Она отвернулась, не гнущейся, деревянной походкой, прямо по лужам пошла к столовой и все пошли. Сигарета потухла, я бросил ее под ноги, раздавил и снова посмотрел вверх, на небо, где низко стелились тучи, а по-над ними, я так хотел в это верить, на картонных крыльях, скользил Ромка.
Он не повесился, не успел, да и не собрался бы никогда. Нашли утром его, на пустыре. Сильно битого, грязного, и, как утверждала экспертиза, крепко пьяного. Нет, не так, он был крепко пьян, когда его убивали – не нашлось среди тех такого паренька, как в тот вечер, никто не сказал: «Нормальный пацан», и вот…
Я развернулся и пошел прочь от столовой, от поминок.
- Подождите! Подождите, - обернулся – девушка, малорослая, в черном, над головой держит нелепый цветастый зонтик. Она ехала с нами, вроде бы с работы, коллега Ромкина, - Вы на остановку?
- Можно с вами? А то аж холодок, бррр! Я, знаете, как мертвецов боюсь!
- Можно, - снова кивнул, сунул руки в карманы.
- Возьмите зонтик, на двоих хватит.
- Спасибо, я лучше так, - нахохлился.
Мы пошли, молча. Тугая морось дождя о ее зонт, стук каблучков.
- А мы работали вместе. Ну как вместе… На разных этажах, но в одном отделе, смешно, да?
- Простите, я просто после похорон этих… Отвлечься хочется, а то гроб этот. Нет, сегодня точно кошмары будут сниться!
- Вы злитесь? Да? Не злитесь, я всегда такая вот, - она остановилась, и я остановился, на нее посмотрел, - такая вот непосредственная. Как болезнь: ляпну что, хоть стой, хоть падай. Я не со зла, понимаете?
- Понимаю. И вы простите, я не хотел вас обидеть.
- Да ничего страшного, я и не обиделась, - она обхватила мою руку, - а вас как зовут?
- А я Юля. А Рома про вас совсем не рассказывал. Вы, наверное, недавно…
Она что-то говорила, я не слушал. Мы шли мимо плачущих, запотевших витрин, мимо снулых, усталых деревьев, что устали держать тяжелые, глянцевые листья, ветви опустили, изо рта срывался пар, а мне в голову лезли всякие дурацкие мысли: как это летать по-над таким, сырым небом на картонных крыльях – отсыреют, развалятся. Или какие у Юли будут кошмары, вообще, какие могут быть кошмары с Ромкой?

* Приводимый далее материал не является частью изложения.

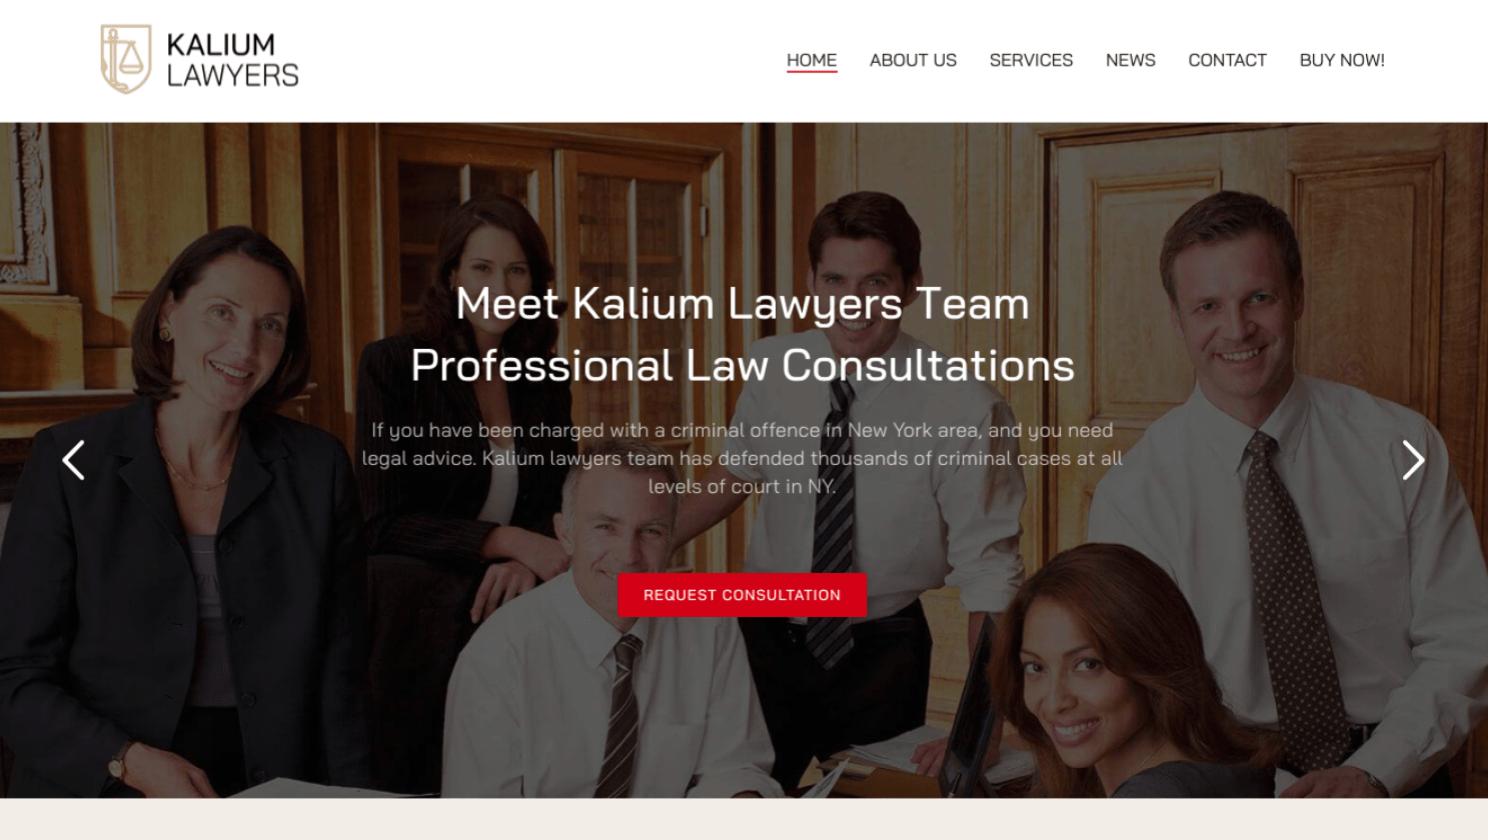 ThemeForest Kalium theme homepage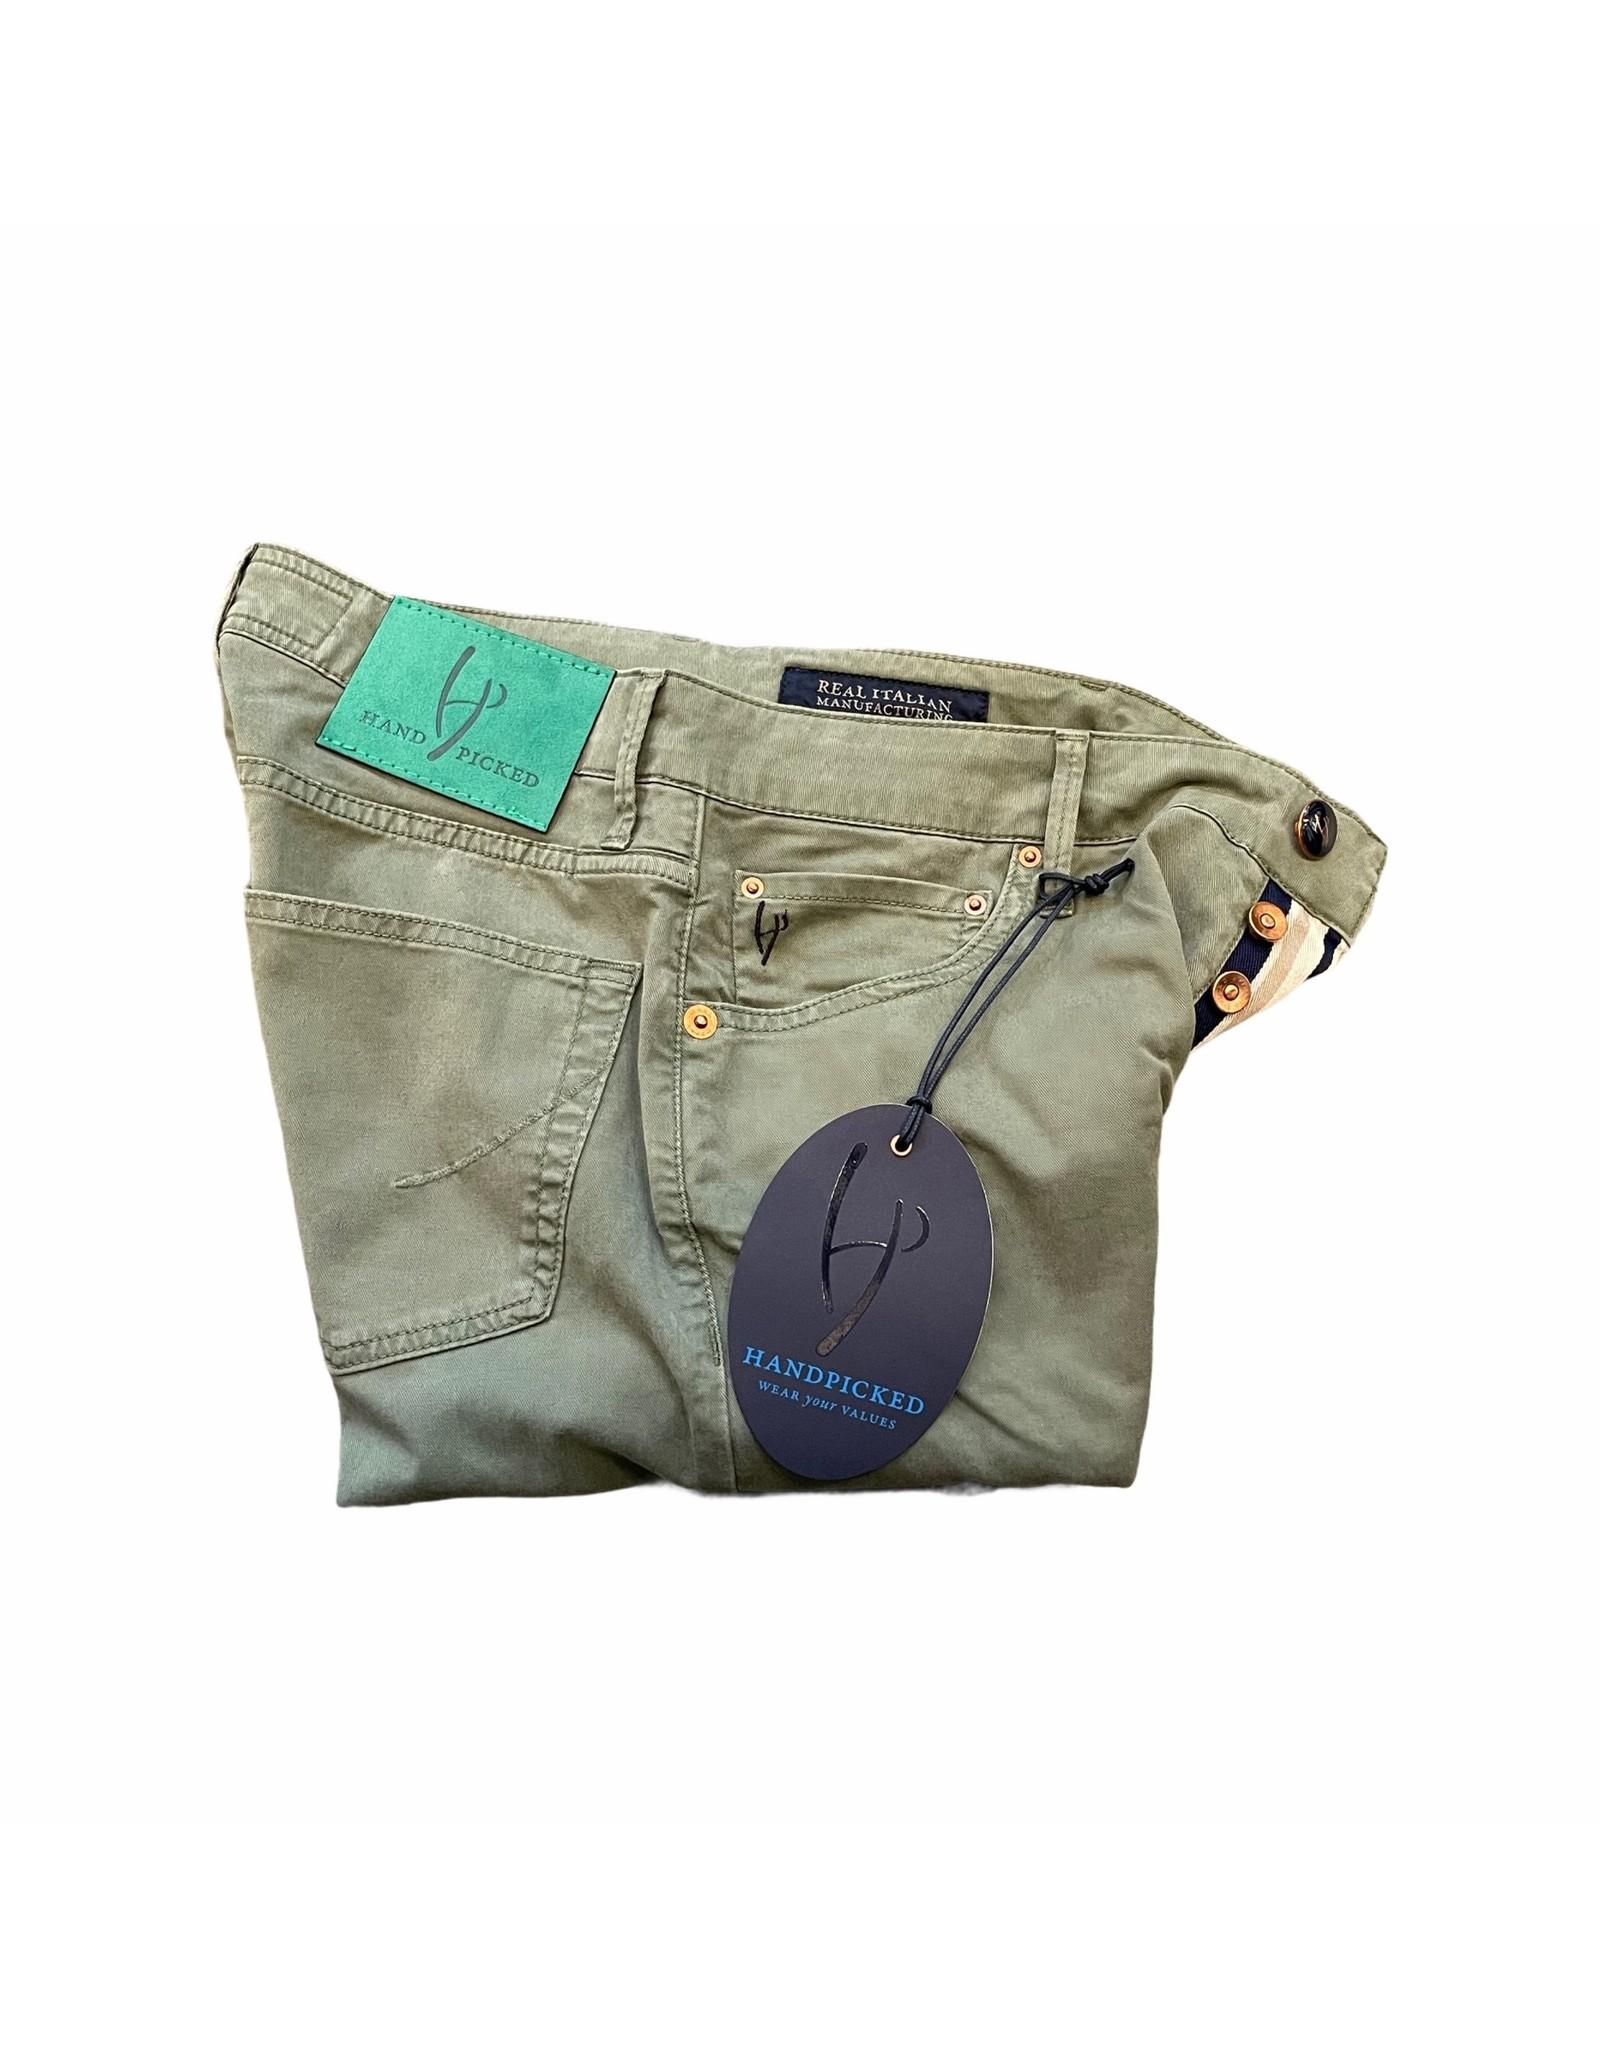 Hand Picked 21/1 Hand Picked  Jeans ORVIETO-C  01831 S

Перешли дорогу, сзади бибикнула машина, я оглянулся и, на той стороне, за мокрой рекой асфальта увидел Худого. Он стоял так же как и я: руки в карманах, поднятый ворот пиджака, нахохлившийся, шею в плечи втянул.
- Кто там? – встряла Юля, - Вы кого то увидели?

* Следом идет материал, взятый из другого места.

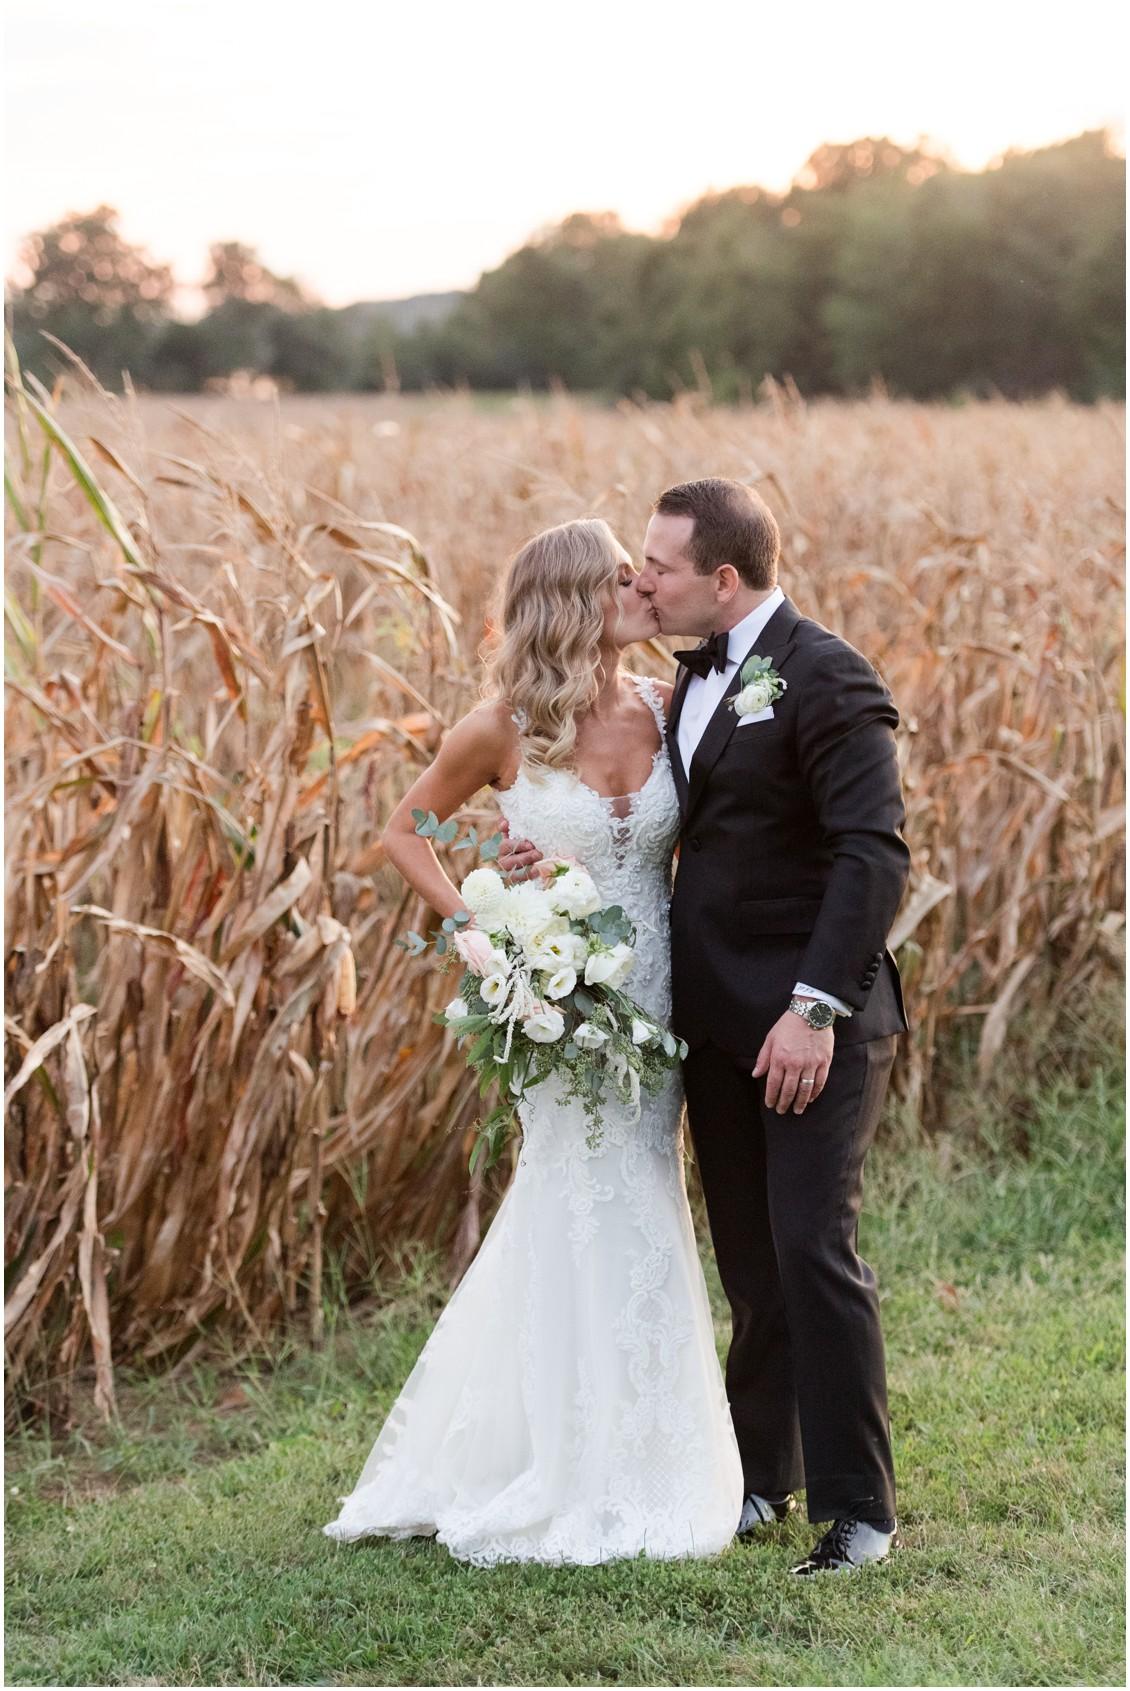 Bride and groom portrait | Brittland Manor | Rob Korb |  My Eastern Shore Wedding

Худой развернулся и пошел прочь, я тоже отвернулся.
- Хлеба купи! – на прощание крикнула Юля из комнаты. Она мыла пол, сегодня должны были прийти ее родители. Первый официальный визит в нашу молодую гражданскую семью.
Закрыл дверь, спустился, вышел из подъезда.

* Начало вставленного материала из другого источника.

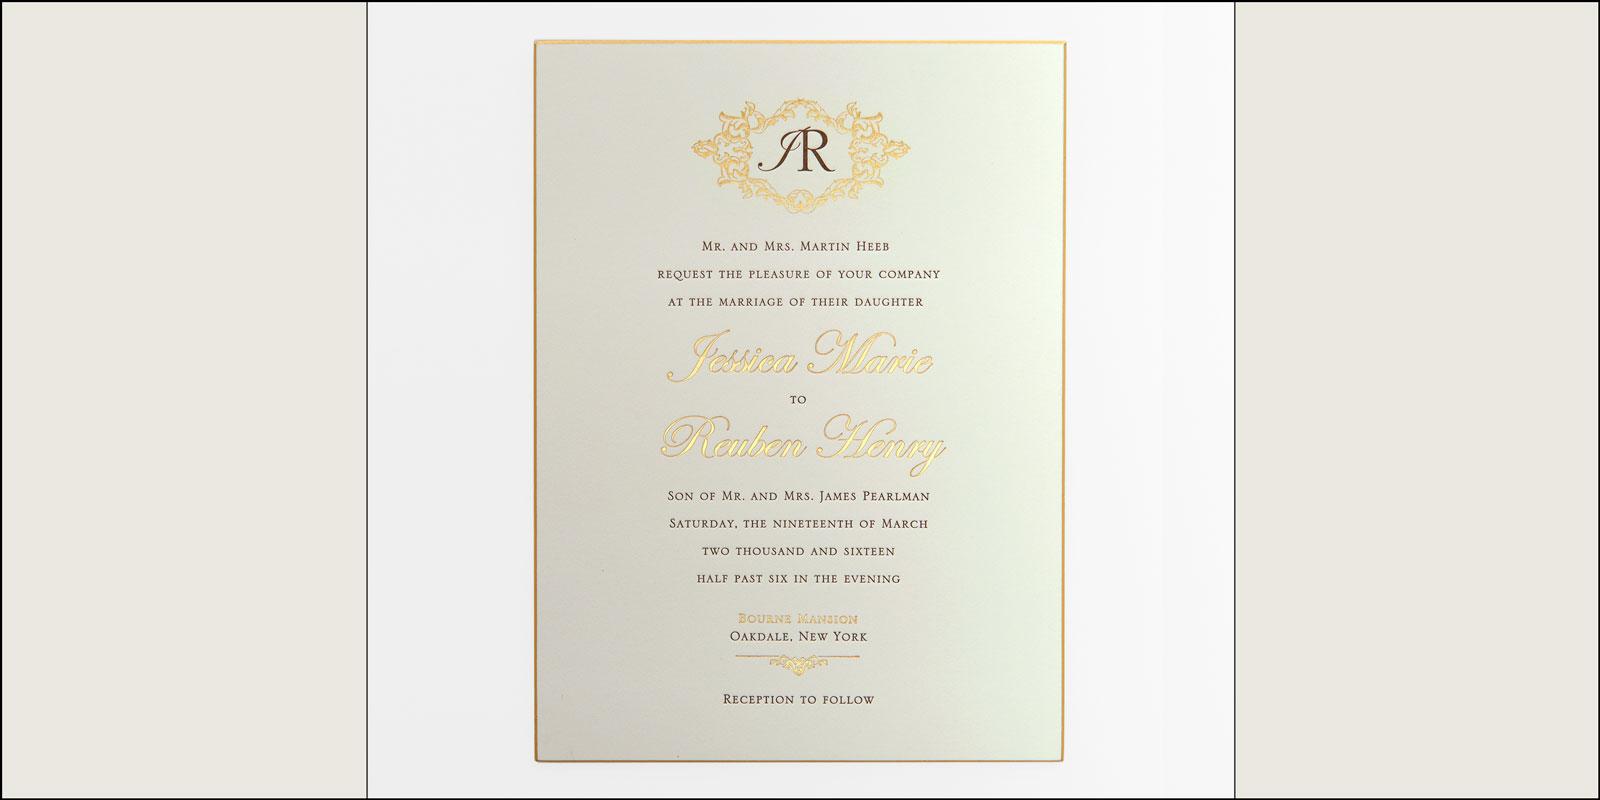 Jessica-Reuben-Invitation-6

- Закурить не будет? - я, не глядя, сунул руку в карман, достал пачку, протянул, - Спасибо.
Пошел дальше, остановился, оглянулся резко. Как я мог не узнать этот голос! Бросился следом за удаляющейся фигурой, свернул за дом, туда где был проспект и остановился – проспект был набит людьми, шли туда, шли обратно, сидели на лавочках, прогуливались – люди-люди-люди, кругом люди. Может быть показалось? Конечно показалось, не мог у меня Ромка попросить закурить, не бывает призраков, но… Голос был так похож и если бы прошедшие полгода, если бы не та залитая водой могила и те лягушки.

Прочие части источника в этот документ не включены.